__What the task asks__: Retype nothing except the lines below from the one with "3D Gelbe Birne" through the one with "Migranti dalla Mare", exactly, with images left out.

__Source data__:
==*==

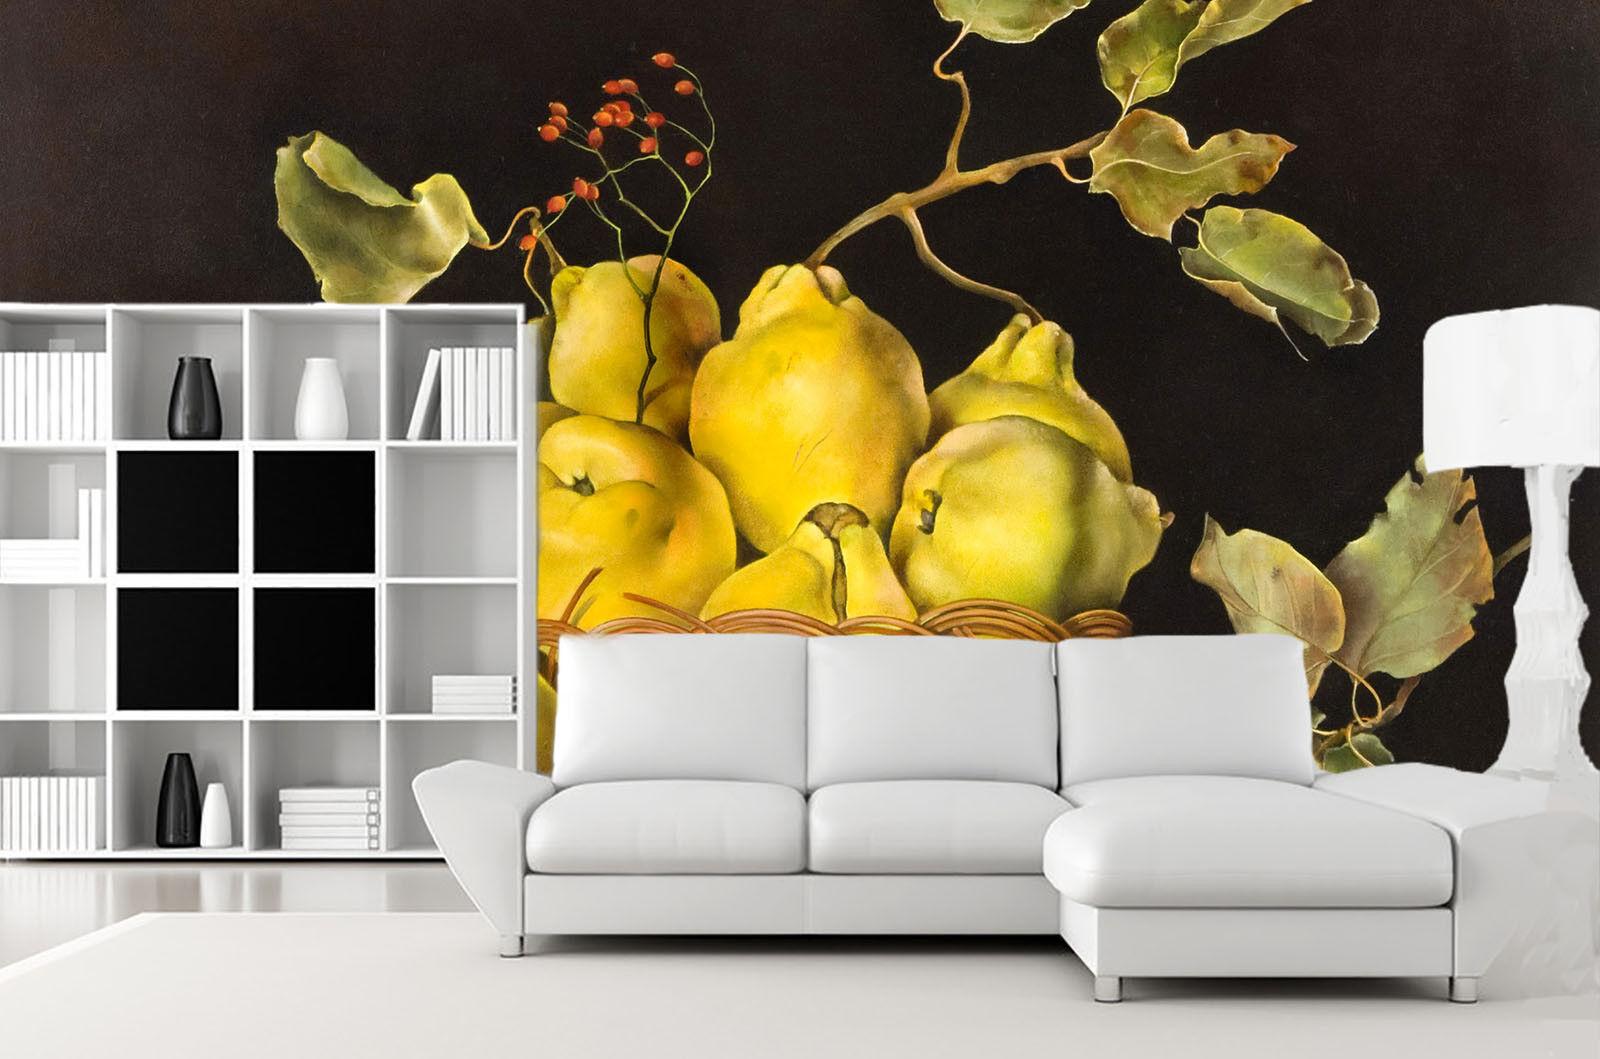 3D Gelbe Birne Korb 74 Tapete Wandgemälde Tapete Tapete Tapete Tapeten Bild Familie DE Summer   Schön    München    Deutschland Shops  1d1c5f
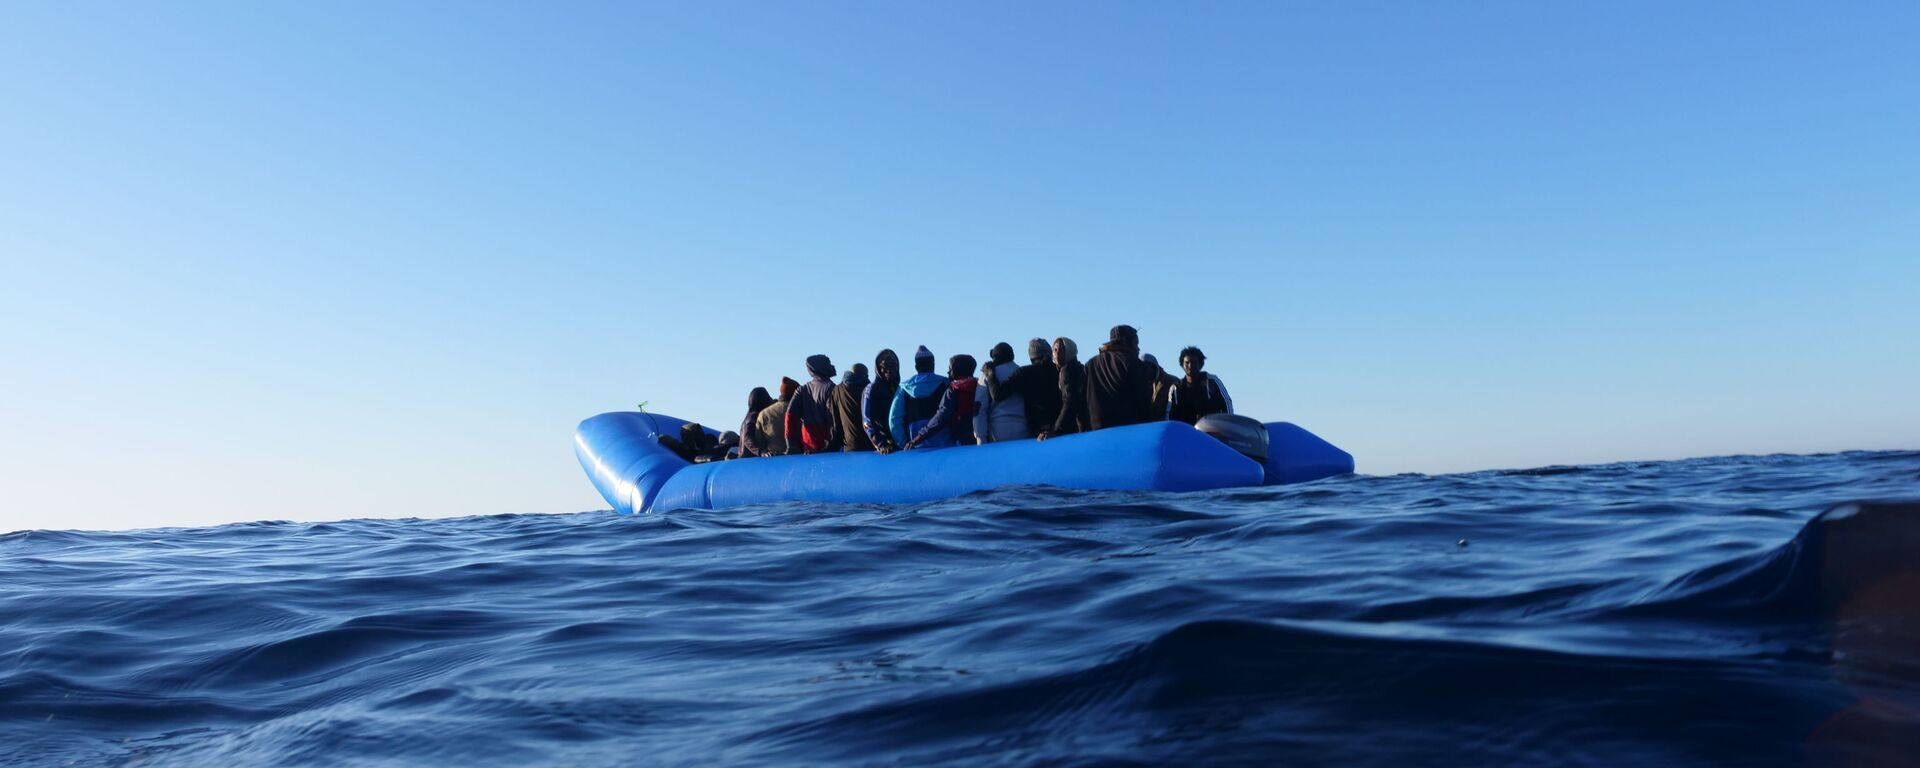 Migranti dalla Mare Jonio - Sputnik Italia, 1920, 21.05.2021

==*==

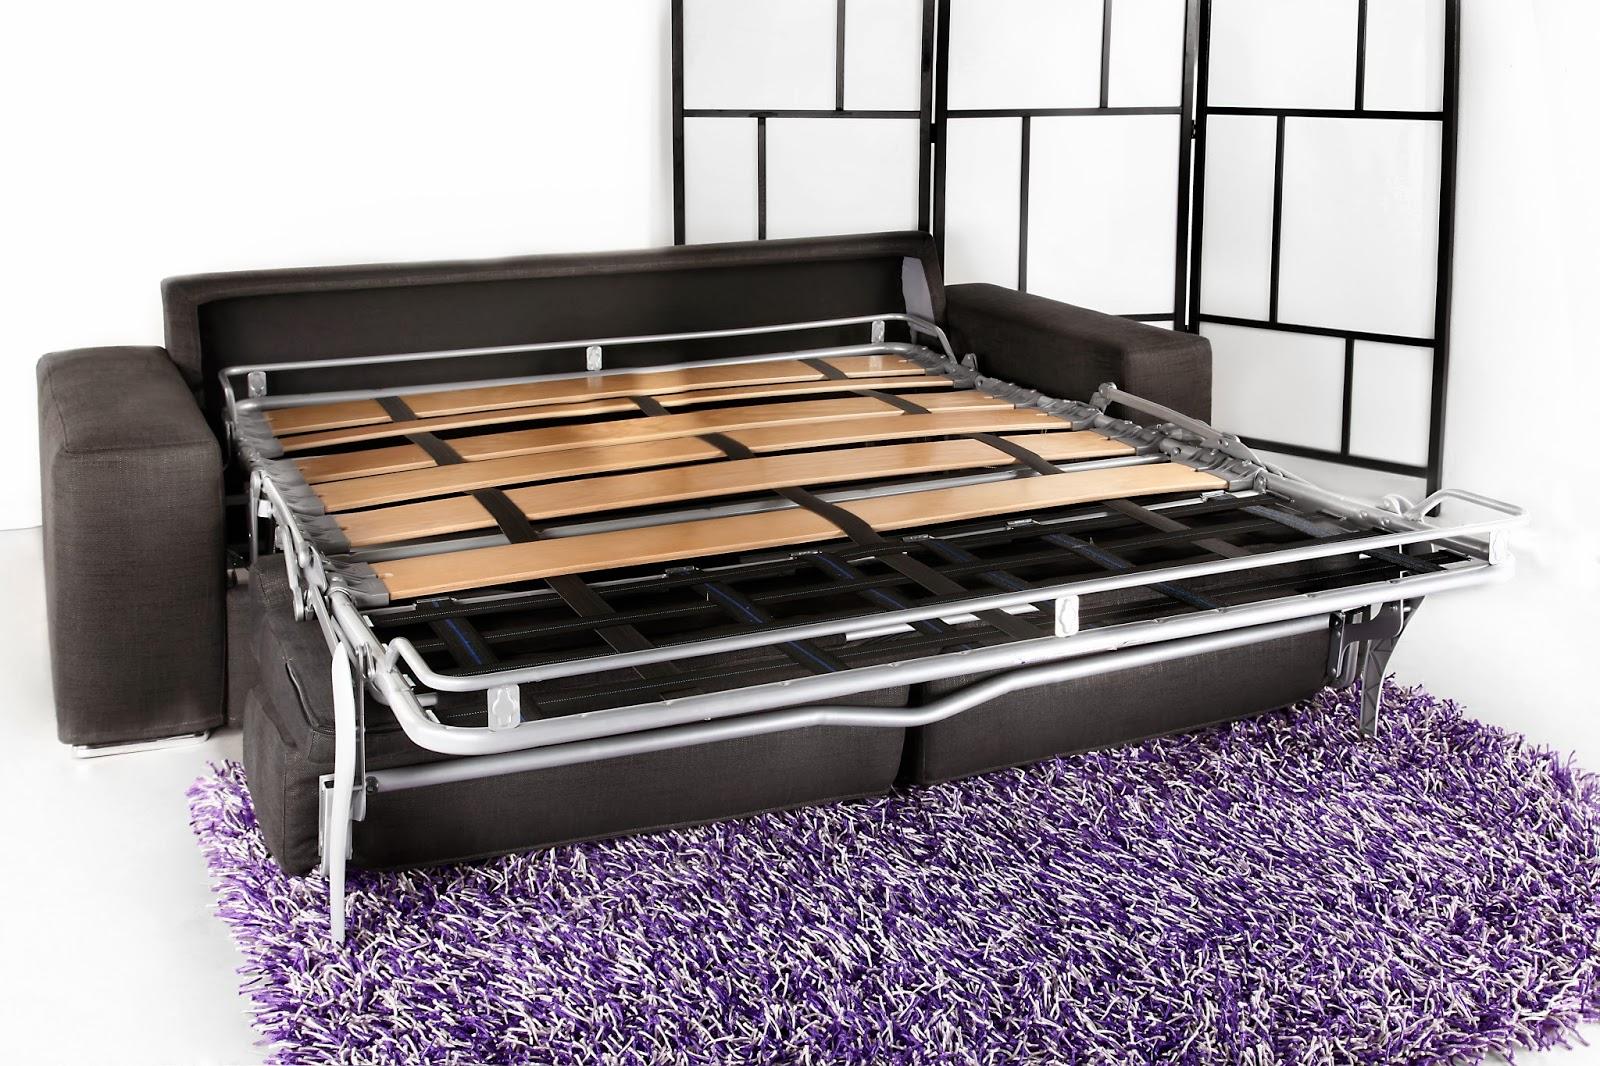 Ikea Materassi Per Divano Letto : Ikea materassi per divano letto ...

==*==

__Answer for this exercise__:
 3D Gelbe Birne Korb 74 Tapete Wandgemälde Tapete Tapete Tapete Tapeten Bild Familie DE Summer   Schön    München    Deutschland Shops  1d1c5f
 Migranti dalla Mare Jonio - Sputnik Italia, 1920, 21.05.2021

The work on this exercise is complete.